İnsanın ruhunu da bedenini de çok yorar bu kıskançlık.ruh ve beden sağlığınız için kendinize telkinde bulunarak aşabildiğiniz kadarını aşmalısınız,
 
Esimi pek kiskanmadim bu zamana kadar
Yani soyle kiskanmam disarda kimseye baktigini begendigini falan hic hissetmedim bide cok guveniyorum sanirim ondan
Baska biri esime bakarsada umursamam tapusu bende ne olsa der gecerim (Suyu cikarilmadigi müddetce)
Ama bu duygularla insanin yapisiyla alakali bi durum oldugunu dusunuyorum
Ben sana sunu yap kiskanmassin diyemem cunku bunun bi matematigi yok hepimiz farkliyiz ornegin senin guldugun sey beni aglatabilir yani kisiliginle alakali biraz gizleyebilirsin sadece icindeki asıl duyguyu degistiremezssin
 
Ben susarım hep, kıskansam da belli etmem. Karşımdaki kendini çok değerli hissetmesin, kendini vazgeçilmeyecek biri olarak görmesin diye genelde susarım. Eğer ona guvenim varsa susmaya devam ederim, güven meselesi değil aslında evet biliyorum. Ama eşinizin karşısındaki bayana o gözle bakamayacağını bilmek insanın içini rahatlatır.
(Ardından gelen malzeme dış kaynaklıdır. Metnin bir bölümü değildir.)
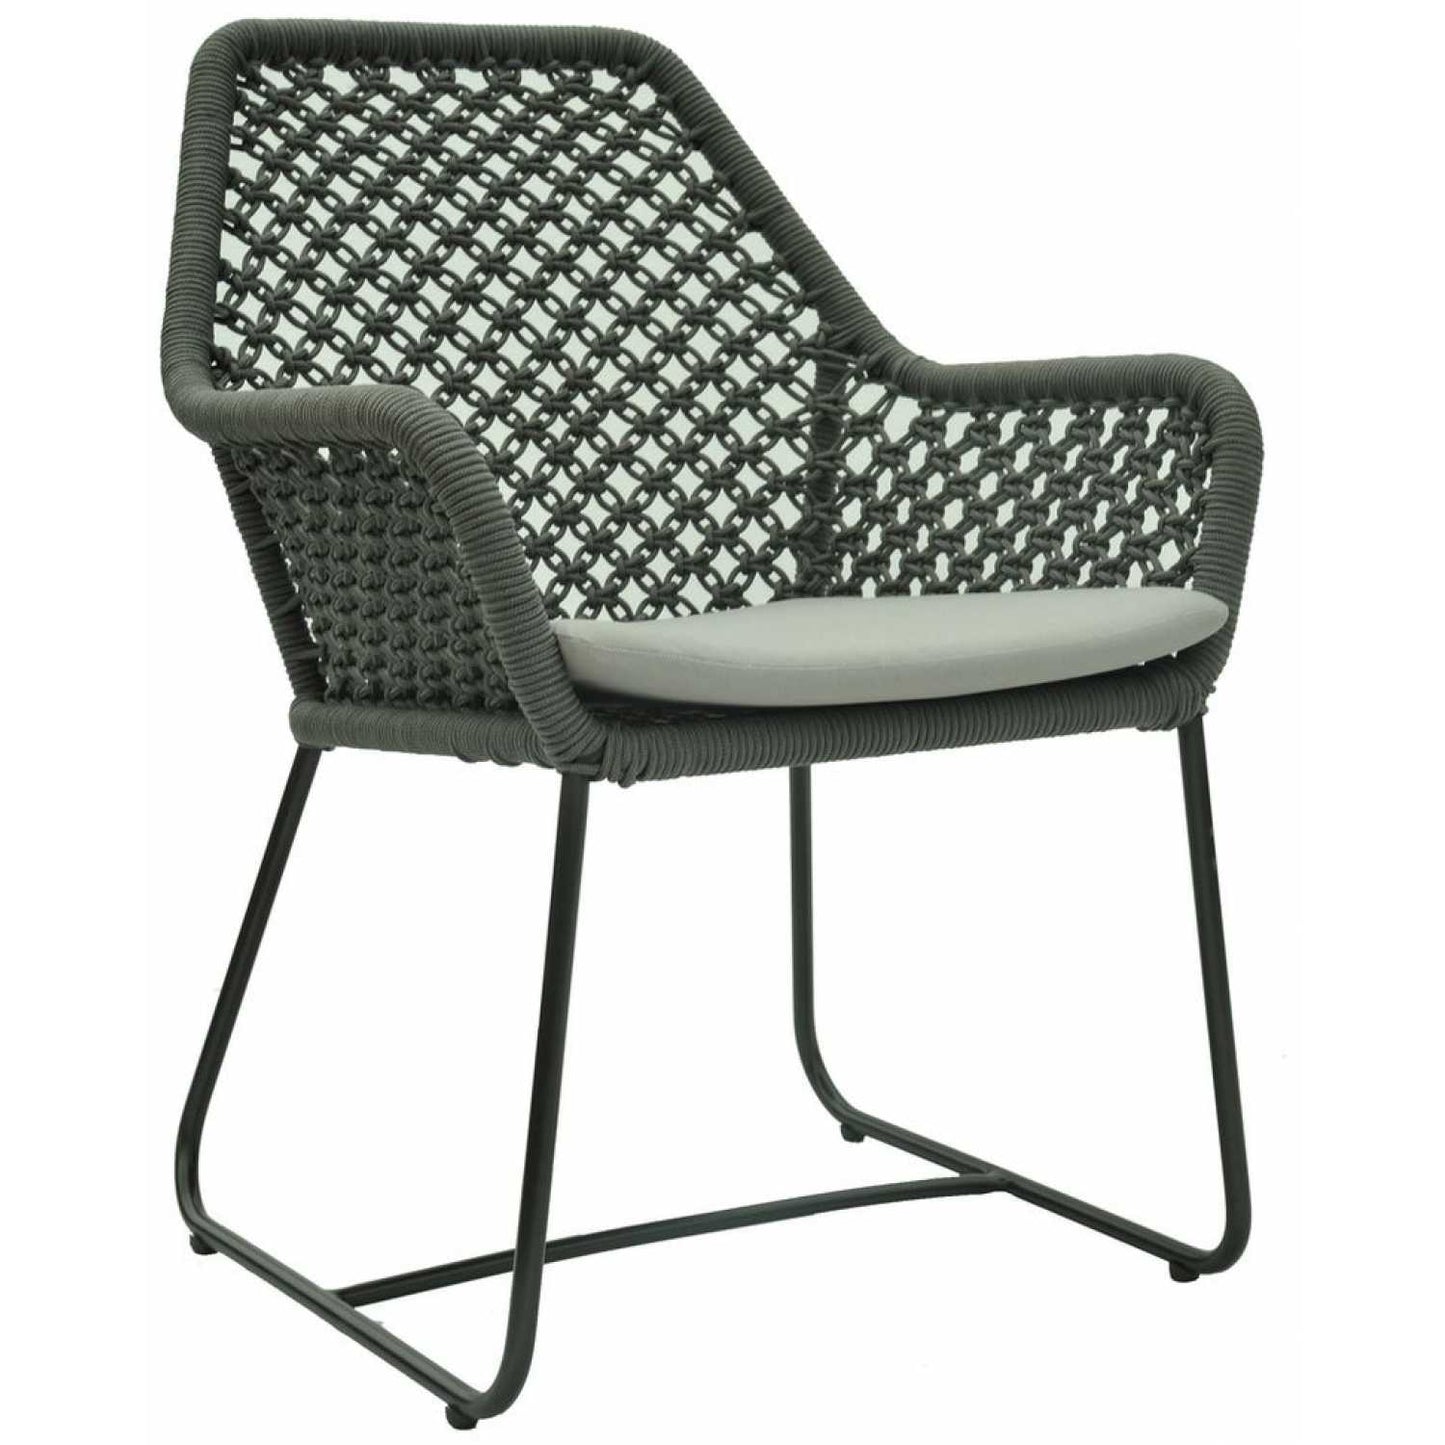 Kona Dining Chair - PadioLiving - Kona Dining Chair - Outdoor Dining Chair - Anthracite 6mm Poly Rope / Metal- Optik (£493) - PadioLiving

Bunu düşünerek bir nebze olsun rahatlatır..

Sanırım öyle düşünemiyorum. Herşey mümkün gibi geliyor bana hayatta. Güveniyorum. Ama %100 diyemiyorum. Sukunetiz ne güzel. Doğru olan da bu sanırım.
 
kıskançlık özgüven eksikliği değildir aşırı kısıtlama özgüven eksikliğidir.
hele hele kıskanma zavallılık ve onur kırıcı hiç değildir. ama kıskandıgınızda sergilediğiniz tavırlar önemli. misal sevgilimi kıskandım kıza sevgilime yazma etme bakma vs dersem bu ezikliktir, ama sevgilimin burnundan getirmek zavallılık değildir sınırlarını korumalı :110:


Çok güzel bir ayrım yapmışsınız. Çok şükür ikinci aşamada hiç olmadım. Bu iyi birşey sanırım.
 
Esimi pek kiskanmadim bu zamana kadar
Yani soyle kiskanmam disarda kimseye baktigini begendigini falan hic hissetmedim bide cok guveniyorum sanirim ondan
Baska biri esime bakarsada umursamam tapusu bende ne olsa der gecerim (Suyu cikarilmadigi müddetce)
Ama bu duygularla insanin yapisiyla alakali bi durum oldugunu dusunuyorum
Ben sana sunu yap kiskanmassin diyemem cunku bunun bi matematigi yok hepimiz farkliyiz ornegin senin guldugun sey beni aglatabilir yani kisiliginle alakali biraz gizleyebilirsin sadece icindeki asıl duyguyu degistiremezssin


Öyleyse buradan benim güvenmediğim sonucunu mu çıkarmalı. Güvenilmeyecek biri ise madem ayrılmak gerekmez mi. Peki aksine herkes onun ne kadar dürüst olduğundan bahsediyorsa ve sana saçmalıyor gözüyle bakıyorsa. İnsan ha bugün ha yarın diyerek sonunu bekleyebilir mi. O zaman ben rahatsızım. Peki bu rahatsızlık aşılır mı. Psikolojik tedavi ile vs. Öyle ise o yolları deneyeceğim. Ben telkin edemiyorum kendimi.
 
Sanırım öyle düşünemiyorum. Herşey mümkün gibi geliyor bana hayatta. Güveniyorum. Ama %100 diyemiyorum. Sukunetiz ne güzel. Doğru olan da bu sanırım.
Evet hiçbir zaman %100 denmemeli ancak eşinizi tanıyan sizsiniz, yani onu en iyi siz anlarsınız. En ufak birşey olsa hissedersiniz zaten. O yüzden çok fazla kafaya takmaya gerek yok ama dediğim gibi erkekler kıskanıldığını hissedince daha bir havaya gidiyor:) o zaman yanlarına yaklaşılmıyor onları o havaya sokmayın :)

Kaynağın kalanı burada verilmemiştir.